En estas cuatro dimensiones es mucho más realista operar
ahora la transformación del sistema de educación superior que
el de educación escolar en un sistema que responda a la
lógica de los derechos sociales y no a la del mercado.
Finalmente, es necesario agregar una observación
adicional, una que es especialmente relevante atendida la
necesidad de aprendizaje que un cambio de paradigma requiere:
lo normal será que en el primer momento, el paso de un
sistema de mercado a uno universalista de derechos sociales
sea experimentado como una pérdida de libertad por quienes
tienen recursos para comprar en el mercado. Así, el reemplazo
del sistema de ISAPREs por un sistema como el NHS, que es
universal y gratuito (en el punto de servicio), sería visto
como una pérdida por quienes pierden la posibilidad de
contratar seguros de salud que les aseguran hotelería clínica
de 5 estrellas. Esto es solo apariencia, porque un sistema
universal incrementa la libertad de todos y no la de algunos.

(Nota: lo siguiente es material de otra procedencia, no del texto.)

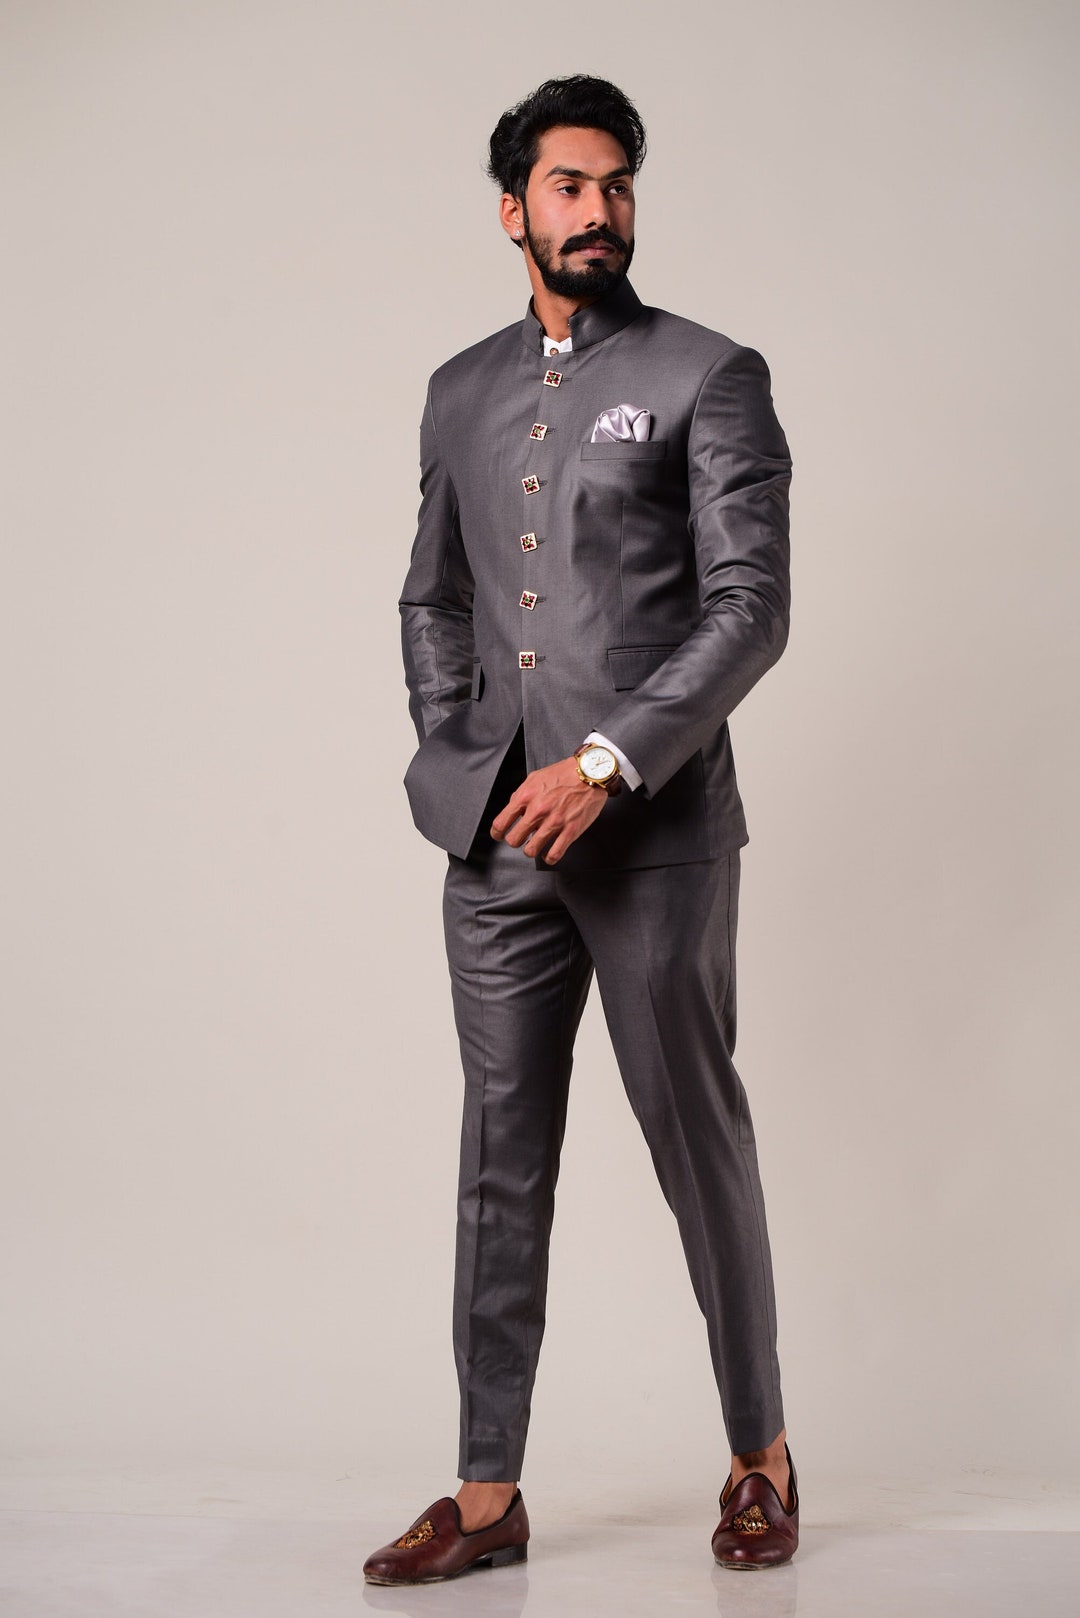 Mens Designer Jodhpuri Suit,Party Wear Jodhpuri Suit,Mens Jodhpuri Suit,Wedding  Jodhpuri Suit,Indian Designer Jodhpuri Suit,Jodhpuri Suit For Mens,Mens  Suits or Wedding

Pero que sea solo apariencia no hace más fácil el primer paso
cuando se enfrenta a la oposición de quienes tienen más poder
y recursos. En el caso de la educación superior, esta
situación se invierte. En efecto, el estudiante “rico” (es
decir, el del décimo decil) es sociológicamente rico, pero no
individualmente rico (no tiene ingresos). Por consiguiente,
34
normalmente para él la “gratuidad en el punto de servicio”,
el hecho de que no necesite pagar para poder estudiar será
también, al menos en muchos casos, experimentado como mayor
libertad. Su libertad de elegir qué estudiar no depende de
las preferencias de otros, entre ellos su familia. Y aquí es
relevante lo que parecía ser sólo una peculiaridad del
argumento de Hernando, para el que la unidad relevante es la
familia y no el individuo. Los jóvenes que acceden a la
educación superior, cuando ésta es gratuita en el punto de
servicio, estarán en condiciones de vivir como mayores de
edad, porque la ley les asegurará las condiciones materiales
de la autonomía. Y esta experiencia del (sociológicamente)

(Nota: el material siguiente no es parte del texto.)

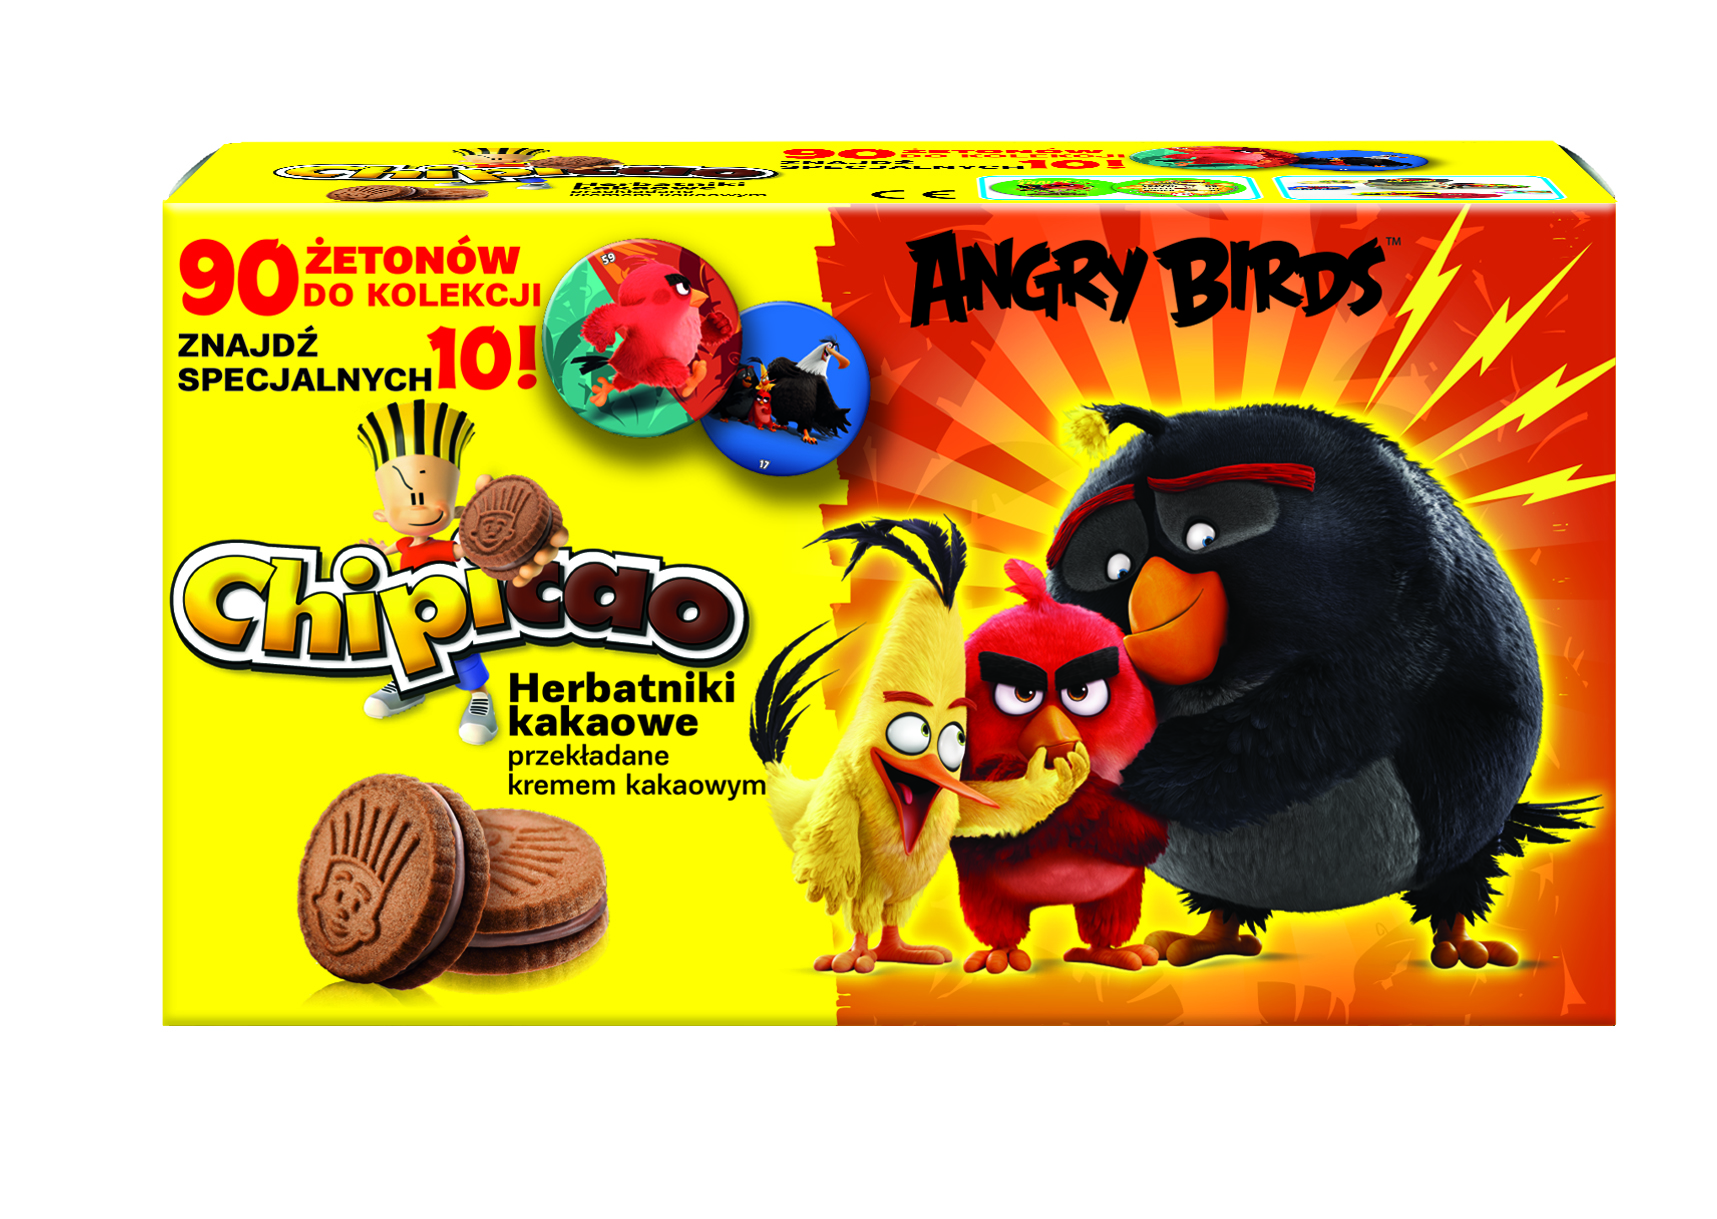 Chipicao i Angry Birds

rico de que los derechos sociales realizan también su
libertad es una dimensión crucial en el proceso de
aprendizaje ya mencionado.
Esa es la razón por la que la discusión sobre
financiamiento de la educación superior es tan importante:
porque una vez que el sistema de educación superior haya sido
transformado conforme a un principio universalista y no
focalizado, en la lógica de los derechos sociales y no de
mercado, entonces la contradicción entre ese sistema y uno
escolar, basado en la lógica de mercado, será insostenible.
La cuestión de la educación superior no es la más
importante, es solo la primera. Es la que nos dejará en una
posición adecuada para enfrentar la más importante.